Ilustración de G. Torices. Colección particular. |
Hemos
visto esta tarde, atrevámonos a decirlo, un gran clásico, que nos remite a un
cine con mayúsculas, el de que aquellos grandes directores y actores como Errol
Flynn, Gary Cooper, John Wayne, Charles Boyer, Charles Laughton, Robert
Mirchum, James Stewart, Joseph Cotten, Alec Guiness, George Sanders, Ava
Gardner, Anne Baxter, Olivia de Haviland, Joanne Fontaine, Bette Davis, Lauren
Bacall, y un larguísimo etcétera que incluye por supuesto a Neville y Conchita
Montes, a Saura o Erice, a Jean-Pierre Melville, a un cierto Tavernier, a Jean
Gabin, Jean Rochefort, Philippe Noiret, a Totó, Vittorio de Sica, Gassman,
Monicelli, Rossellini y de nuevo un larguísimo etcétera. Una época del cine que
probablemente ya no volverá. A su lado, las series, tan en boga hoy, con sus
infinitas temporadas, son un triste sucedáneo, representan una cierta miseria
moral y estética, un símbolo de la regresión colectiva en la que, en tantísimos
aspectos, nuestra sociedad está inmersa. Se ha hecho costumbre vivir en la
mediocridad, tragando lo primero que nos sirvan. Se supone natural vivir
instalados en un escalón más bajo que el anterior y, al poco tiempo, tras un
nuevo retroceso y el descenso de un par de peldaños más, nos acostumbramos de
nuevo, sin sentirlo apenas, a la nueva recaída. Sin memoria apenas de lo
anterior. Como si vivir inmersos en un fango que poco a poco nos va tragando
fuera lo natural. Digo fango y no arenas movedizas. Porque el que se ve
atrapado repentinamente en unas arenas movedizas, muere al debatirse por
intentar salir de ellas. Cada movimiento de resistencia le hunde un poco más.
Pero al menos se resiste, muere peleando. Mientras que hoy, el fango nos traga
ante el contento y la pasividad general. Y no me refiero a la política, que no
es más que lo más aparente de algo mucho más profundo. Como si la casa entera
estuviera derrumbándose ante la indiferencia general. Si fuéramos conscientes
de lo que sucede, al menos trataríamos de refugiarnos en el último salón, para
tomar un último café con el mejor juego de porcelana y la mejor cubertería,
mientras la maleza termina de invadir, en un avance silencioso e inexorable, el
resto de la casa convertida en escombros. Pero ni siquiera queda ese reflejo.

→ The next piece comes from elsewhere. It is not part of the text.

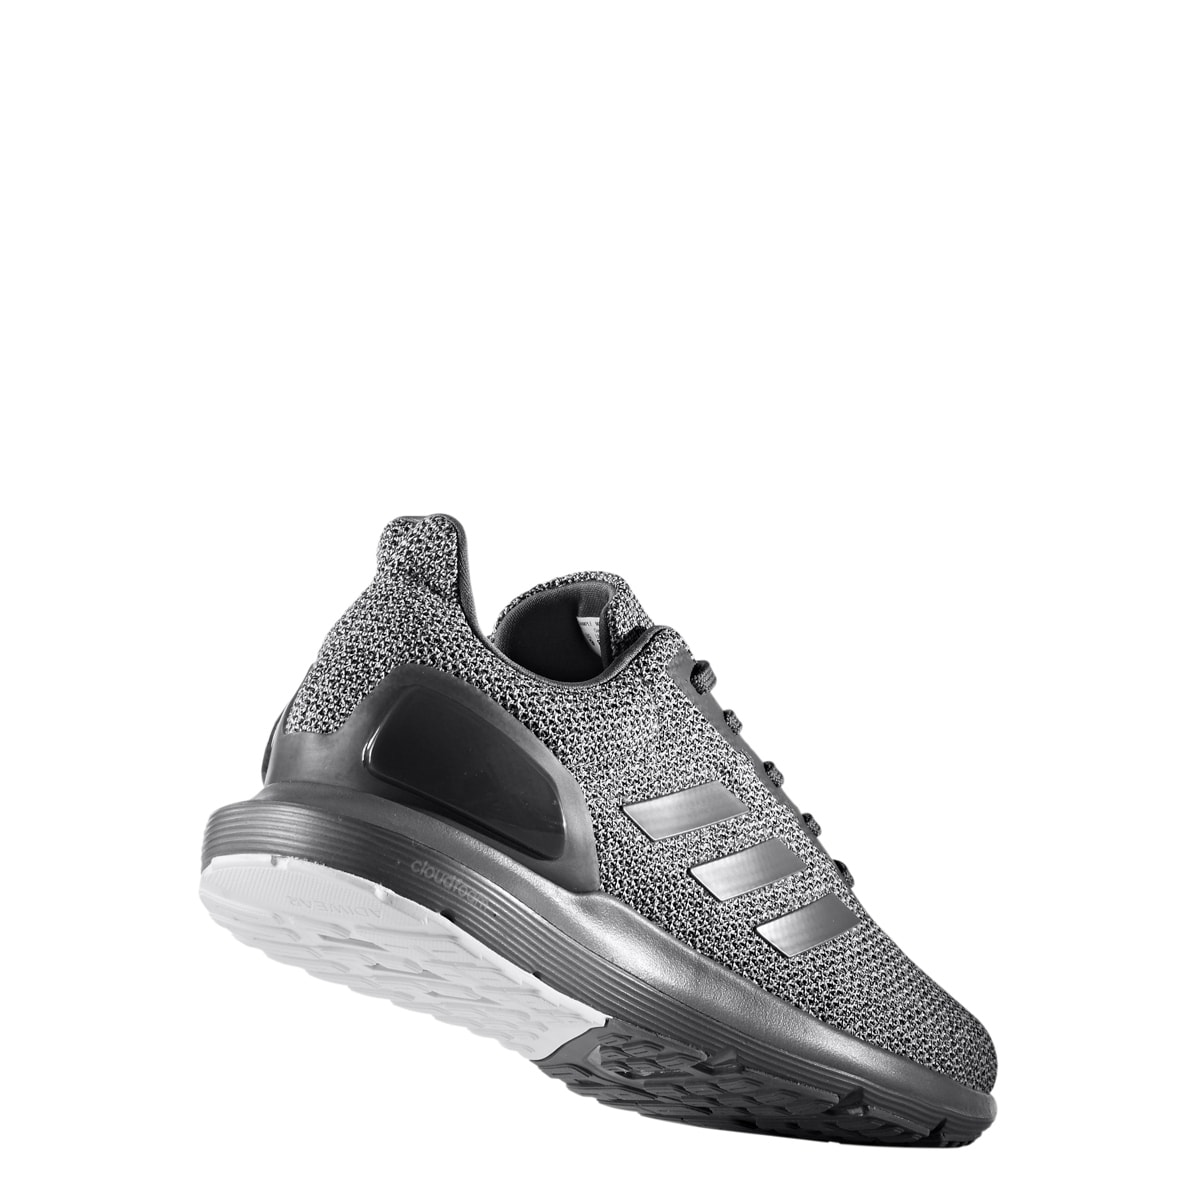 adidas men's cosmic 2 sl m running shoe
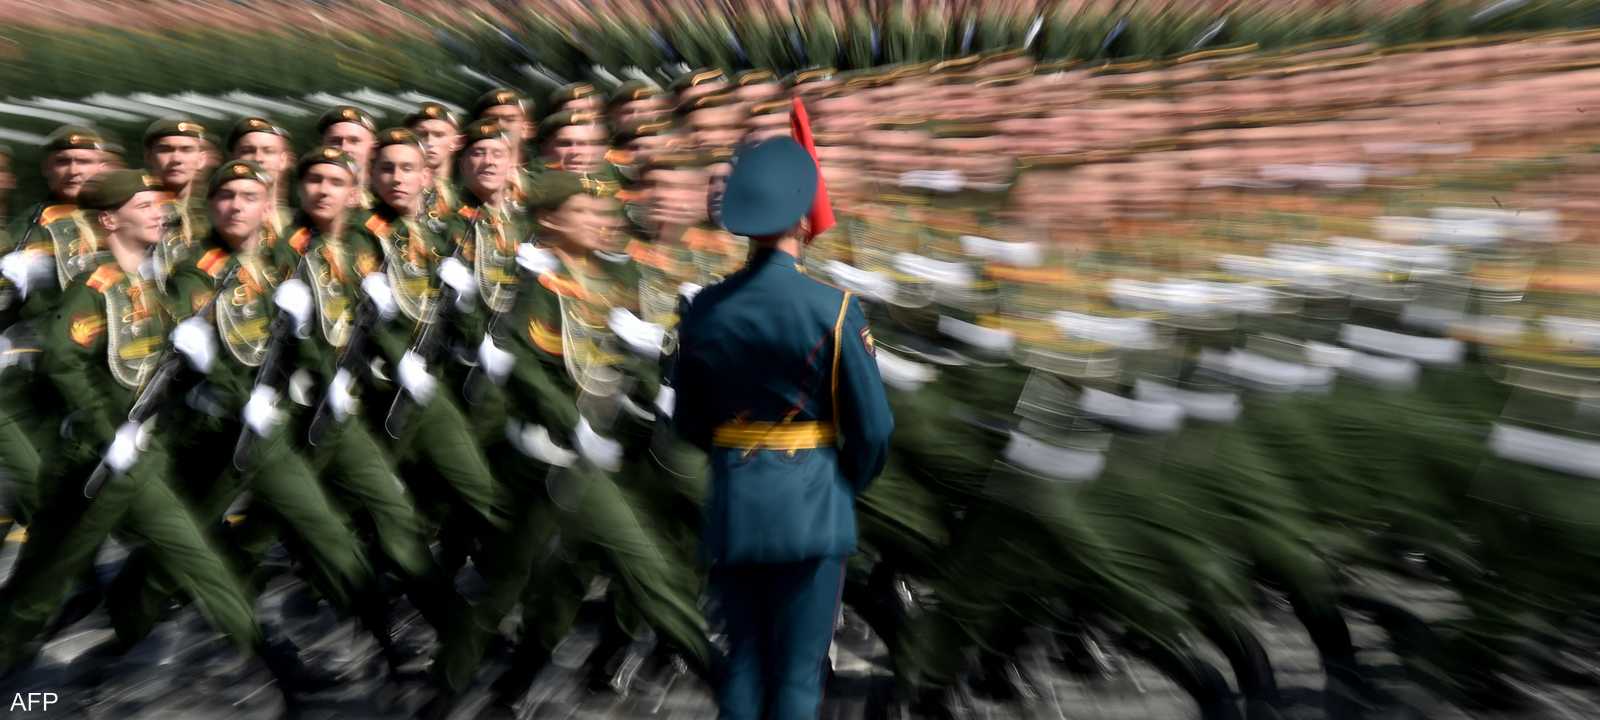 حملة التجنيد العسكري تنظم مرتين سنويا في روسيا

Vivimos como si la casa siguiera entera, pero dónde antes colgaban los
bodegones familiares, algunos pintados por los propios abuelos, hoy se admiran
con contento los cromos impresos en un gran almacén que los han sustituido, los
libros viejos se llevan al contenedor de papel, porque no caben, es que no
tengo tiempo, sabes, y del pasado se hace, no una gran almoneda a la que nadie
acudiría, sino sonriente y satisfecha tabula rasa, mientras se reenvían
estupideces por el teléfono móvil, se calculan calorías y se prepara la
siguiente maratón.
El Gran
Bergamota se detuvo, cerrando la carpetilla en la que había traído las notas
para la charla. Se hizo un gran silencio. Luego empezó a subir el murmullo
habitual y se oyeron las primeras protestas. ¿Pero esto no era un cine club?
¡La película no la ha comentado, vaya robo! ¡Pues yo sigo setenta series a la
vez y no veo que tienen de malo, a mí me gustan! ¡Este tío es un cenizo!
Doroteo, por lo bajini le susurró a Tato un ¡ya estamos como siempre! -
resignado. Voló el primer objeto mientras se oía el crujir de la primera butaca
desgajada a tirones del suelo. ¡Payasos! – gritaba Bergamota mientras Tato y Doroteo
le arrastraban hacia la puerta de atrás dónde les esperaba el coche con el
motor encendido. Los murmullos ya eran un griterío feroz -¡nadie se ríe de
nosotros!- cuando el coche arrancó a escape para perderse por la pequeña
carretera comarcal. ¡Ni una más, ni una conferencia más Alcides! - reñía
Doroteo al que habían manchado la chaqueta de tweed con una hortaliza podrida-
te desahogas en casa y todos tan contentos.